I've just spent half an hour on the phone with Dowson and I'm happy to say that based on what she told me about her platform, I'm absolutely delighted to offer her my unqualified endorsement.
Dowson pointed out that the NDP is the only federal Canadian party with a dedicated digital affairs critic: the always-sharp Charlie Angus, a former punk musician late of the band L'Etranger, who I used to see headlining punk shows when I was a teenager. Angus and the NDP have led the political criticism of the Tory Bill 61, a Canadian version of America's Digital Millennium Copyright Act, a copyright bill that was drafted in secret, without input from Canadian stakeholders, including coalitions of Canadian creators and music labels.
The NDP has also led the pack on criticising the Anti-Counterfeiting Trade Agreement, another secretly negotiated proposal, this time for a global treaty on copyright that would dramatically increase the search, seizure and surveillance obligations to Canada and other signatories, forcing them to spy on everyday individuals to protect the profits of a few giant record companies.
Dowson also endorsed the NDP's activism on net neutrality -- Canada's major ISPs, Bell and Rogers, have led the world's Internet companies in a race to the bottom, imposing secret caps, spying on users, blocking protocols, and even blocking downstream ISPs' customers (so that ISPs that buy their backhaul from Bell are subject to the same filtering as Bell's own retail customers).
8 comments:
Let me get this straight. A family friend has endorsed a family friend?
Well, that IS big news.
Too bad the Liberal record on issues like copyright, net neutrality and standing up to big business for consumers is so miserable or they might have got his endorsement.
You mean like when David McGuinty takes on the cheating cell phone companies? That kind of big business? Or when Stephane's Green Shift will make big polluters pay a carbon tax? That kind of Big Business? With all due respect Cliff, Canadians don't give a flying shit about Copyright infringements...unless somebody charges them for downloading a song.
My mom endorsed MY nomination.
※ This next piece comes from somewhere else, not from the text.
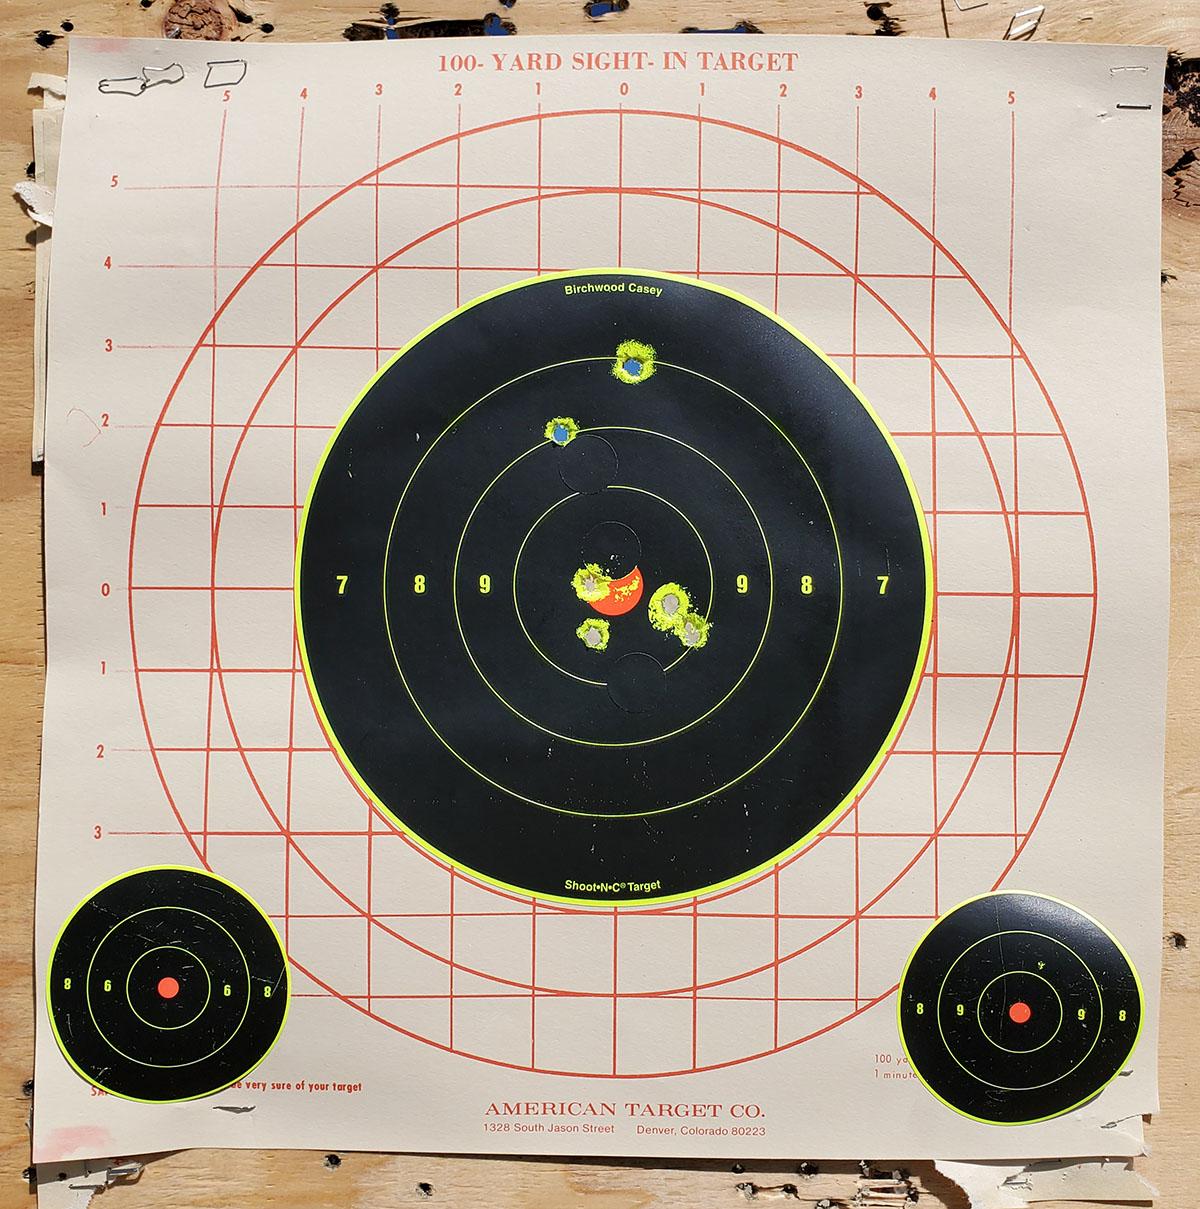 Bullet holes in a target

So did my doctor...he's a family friend.
Michael Geist's Facebook group Fair Copyright for Canada has 90,000 members.
Of course that kind of cluelessness about what Canadians actually 'give a flying shit about' probably helps explain why your party are in opposition in this parliament and barely trending towards a minority government in the next one despite how loathsome Harper's Conservatives are.
By all means, carry on.
As usual, the Dippers choose to fight Liberals instead of the Cons...even though t's their U.S backed Bill that's at question here.
And, just so you don't try to deceive the rest of however reads your blog, Liberal MP Scott Brison, has called the bill a "US made law" that would establish a "police state." A substantial majority (76%) of the population agrees the bill was drafted in the US, despite claims it was "born in Canada." That's right, a Liberal MP.
Good luck with ever getting to be the official opposition. It ain't much, but we'll take it. As for not moving in the polls? Wouldn't that be the Conservatives that are having issues with that...Oh, and maybe the Dippers at 6% in the province of Quebec?
"As usual, the Dippers choose to fight Liberals instead of the Cons...even though t's their U.S backed Bill that's at question here"
A:) You came to my house with a chip on your shoulder and picked this fight.
B:) The Liberal attempt to sell out Canadians to huge American media conglomerate Bill C-60 was just as compromised, lobbyist authored and beholden to American copyright legislation and the Liberal proposed Bill C-74 which would have forced communications providers to build surveillance back-doors into the hardware that routes our phone calls, Internet traffic, and more was an Orwellian nightmare.
A pox on both your houses.
Apples to Oranges.
Bill c-74 was a spy bill. I didn't like it. While Bill C-60 did not alter the right to make private copies of copyrighted material, it introduces limitations on the use of these private copies. In particular, the bill would make selling, renting, trading, distributing, and communicating legally-made private copies of a copyrighted work an infringement of copyrights. This implies that if downloads via peer-to-peer are "for personal use, and not redistributed, there will be no infringement. The one thing that the two bills have in common is that David Emerson is a common denominator.
As for the Facebook Group? You'll find thousands of us Liberals have joined.
The point is, and was supposed to be, a family friend endorsing a candidate does not an election win mean.
I don't recall suggesting that it did.